What the task requires: Your output should be the lines of the entries below, exactly, from the first one through the line that holds "Adidas Men's CourtJam".

====

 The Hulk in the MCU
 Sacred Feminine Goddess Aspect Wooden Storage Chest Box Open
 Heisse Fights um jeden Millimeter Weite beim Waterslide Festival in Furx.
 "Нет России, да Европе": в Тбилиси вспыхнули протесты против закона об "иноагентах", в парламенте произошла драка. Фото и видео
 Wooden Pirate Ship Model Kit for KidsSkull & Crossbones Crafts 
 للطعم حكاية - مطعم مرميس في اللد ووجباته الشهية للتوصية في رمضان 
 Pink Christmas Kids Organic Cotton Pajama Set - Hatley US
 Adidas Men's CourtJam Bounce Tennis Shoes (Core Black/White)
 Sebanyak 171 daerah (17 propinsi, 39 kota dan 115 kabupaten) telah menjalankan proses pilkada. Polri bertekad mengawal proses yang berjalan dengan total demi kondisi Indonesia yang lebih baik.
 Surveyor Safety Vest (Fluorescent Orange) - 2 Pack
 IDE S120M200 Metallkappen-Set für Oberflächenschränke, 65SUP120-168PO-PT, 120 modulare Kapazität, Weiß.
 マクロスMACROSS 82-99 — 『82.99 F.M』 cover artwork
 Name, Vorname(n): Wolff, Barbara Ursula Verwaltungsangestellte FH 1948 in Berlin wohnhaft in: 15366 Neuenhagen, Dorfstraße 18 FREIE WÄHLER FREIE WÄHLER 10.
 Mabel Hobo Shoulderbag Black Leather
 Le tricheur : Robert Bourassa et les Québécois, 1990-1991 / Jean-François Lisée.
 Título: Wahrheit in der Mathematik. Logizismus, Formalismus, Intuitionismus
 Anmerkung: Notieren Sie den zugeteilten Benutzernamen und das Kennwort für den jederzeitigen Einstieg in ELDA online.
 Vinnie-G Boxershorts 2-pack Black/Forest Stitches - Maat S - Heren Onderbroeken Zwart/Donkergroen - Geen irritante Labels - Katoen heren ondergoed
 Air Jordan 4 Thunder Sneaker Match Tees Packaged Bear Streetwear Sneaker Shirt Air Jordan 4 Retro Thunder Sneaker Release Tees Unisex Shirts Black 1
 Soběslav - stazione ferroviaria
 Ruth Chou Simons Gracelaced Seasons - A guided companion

====

Answer space:
 The Hulk in the MCU
 Sacred Feminine Goddess Aspect Wooden Storage Chest Box Open
 Heisse Fights um jeden Millimeter Weite beim Waterslide Festival in Furx.
 "Нет России, да Европе": в Тбилиси вспыхнули протесты против закона об "иноагентах", в парламенте произошла драка. Фото и видео
 Wooden Pirate Ship Model Kit for KidsSkull & Crossbones Crafts 
 للطعم حكاية - مطعم مرميس في اللد ووجباته الشهية للتوصية في رمضان 
 Pink Christmas Kids Organic Cotton Pajama Set - Hatley US
 Adidas Men's CourtJam Bounce Tennis Shoes (Core Black/White)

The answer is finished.